Information given below:

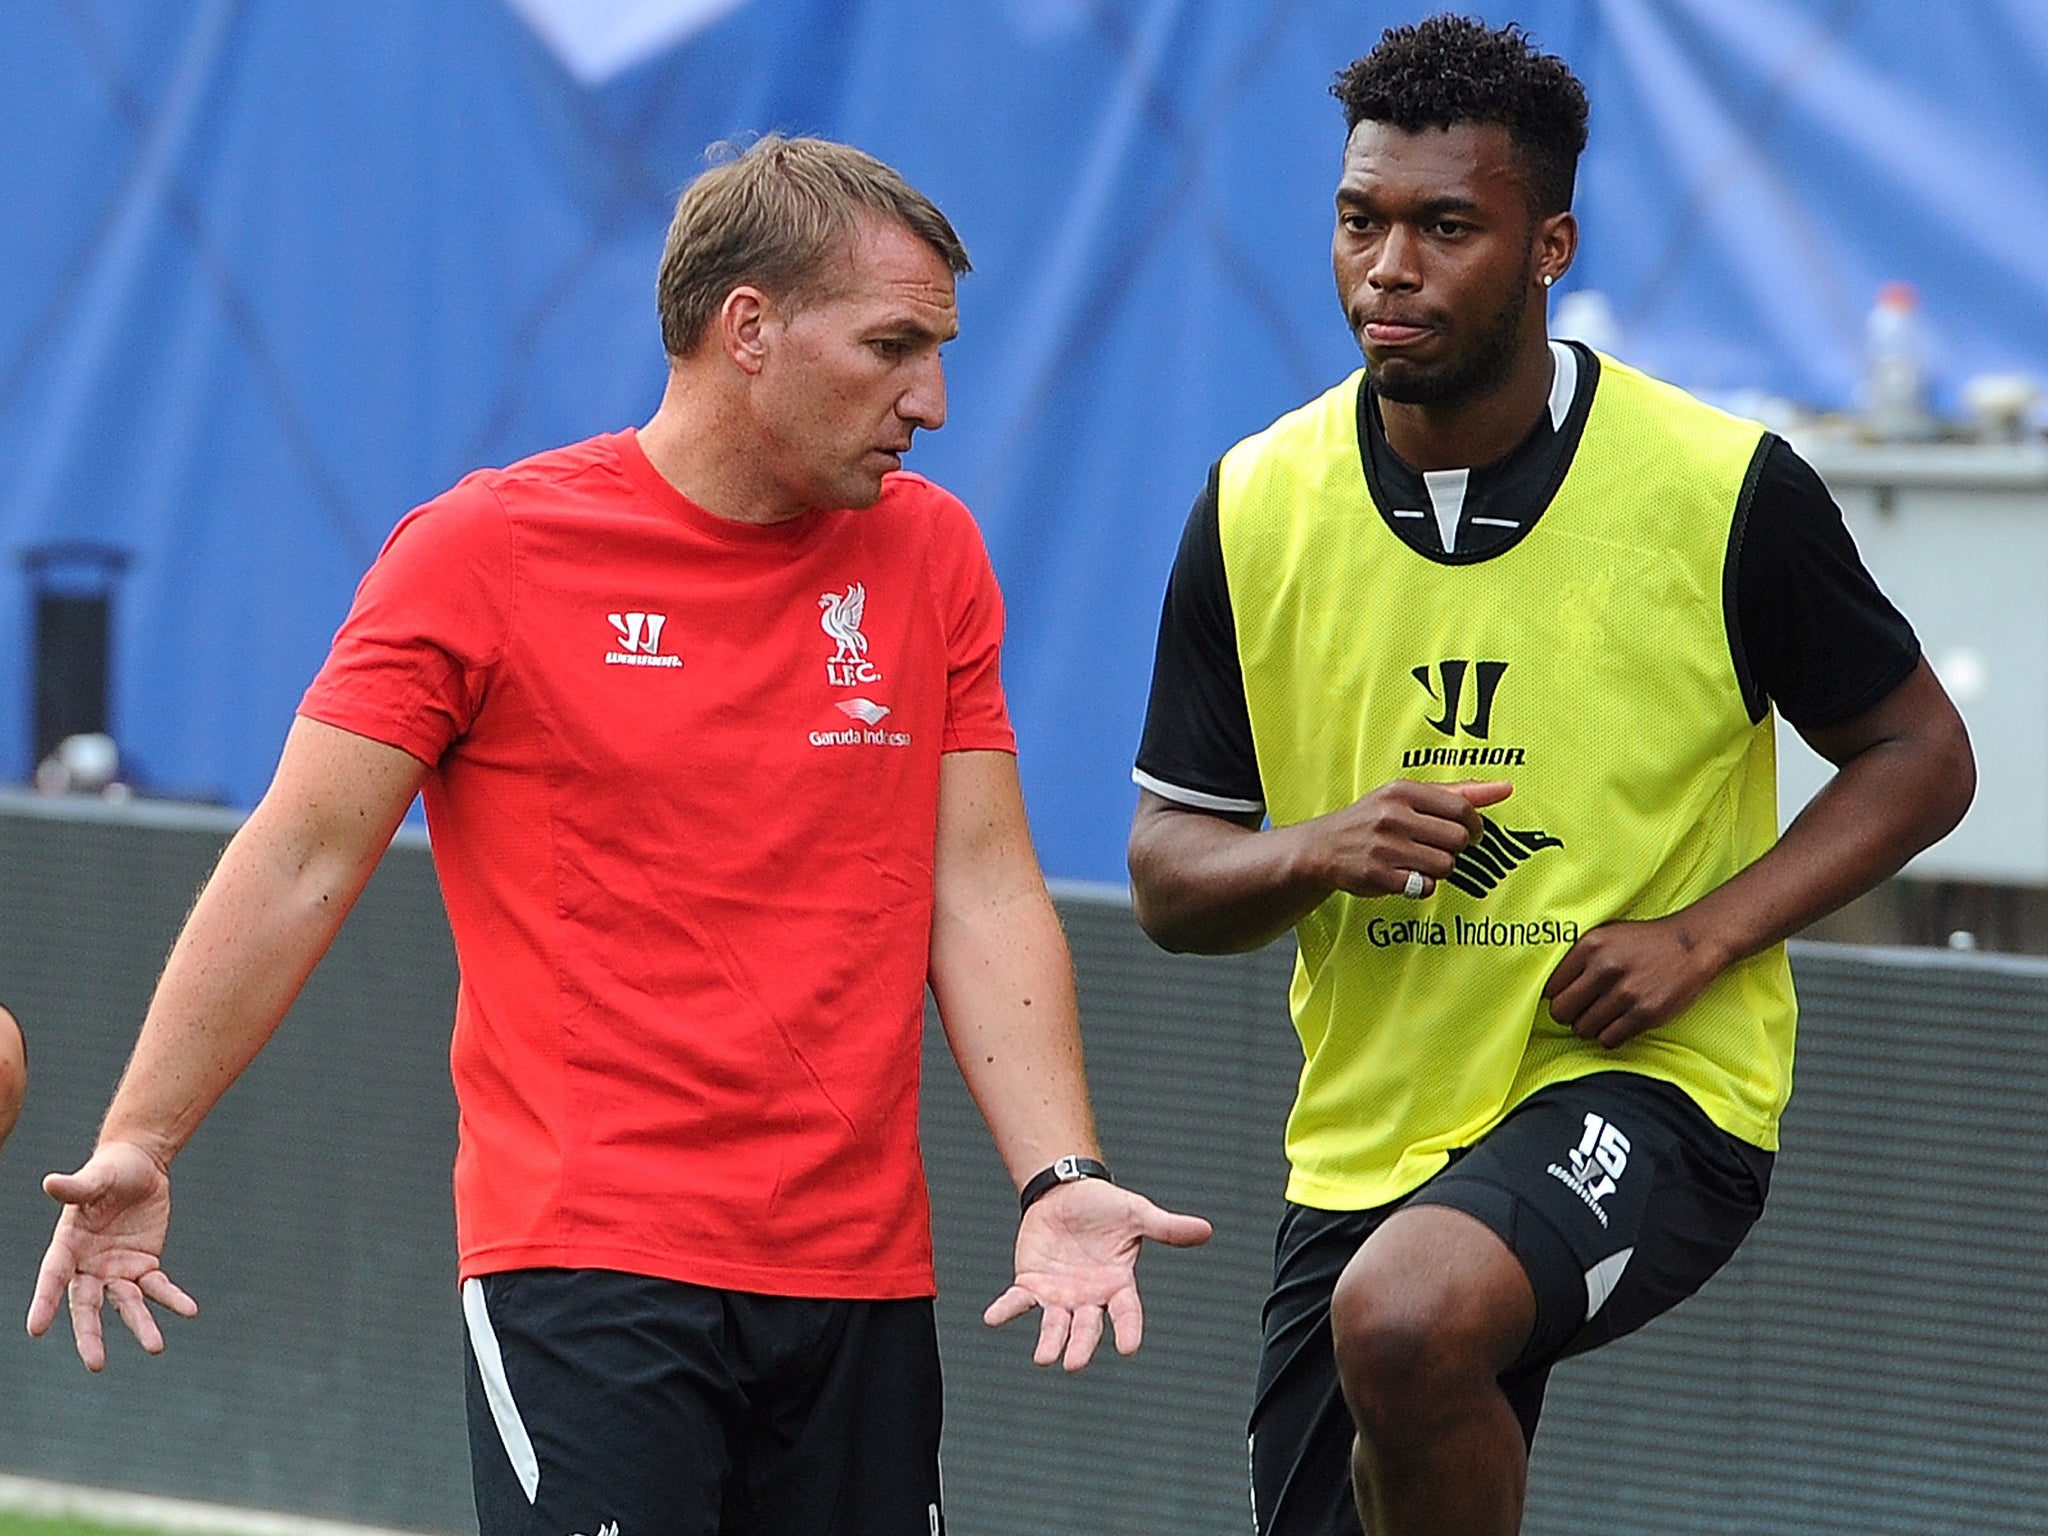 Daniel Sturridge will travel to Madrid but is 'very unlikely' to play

End of Information given.
Information given below:

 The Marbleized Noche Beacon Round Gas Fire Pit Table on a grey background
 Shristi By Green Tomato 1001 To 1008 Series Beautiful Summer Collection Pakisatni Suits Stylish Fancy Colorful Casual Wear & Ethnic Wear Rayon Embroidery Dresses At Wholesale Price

End of Information given.

Assignment =
Among the lines above, find the one with "The Marbleized Noche" and the one with "Shristi By Green". Quote both and everything between them, exactly.

Result below =
 The Marbleized Noche Beacon Round Gas Fire Pit Table on a grey background
 Shristi By Green Tomato 1001 To 1008 Series Beautiful Summer Collection Pakisatni Suits Stylish Fancy Colorful Casual Wear & Ethnic Wear Rayon Embroidery Dresses At Wholesale Price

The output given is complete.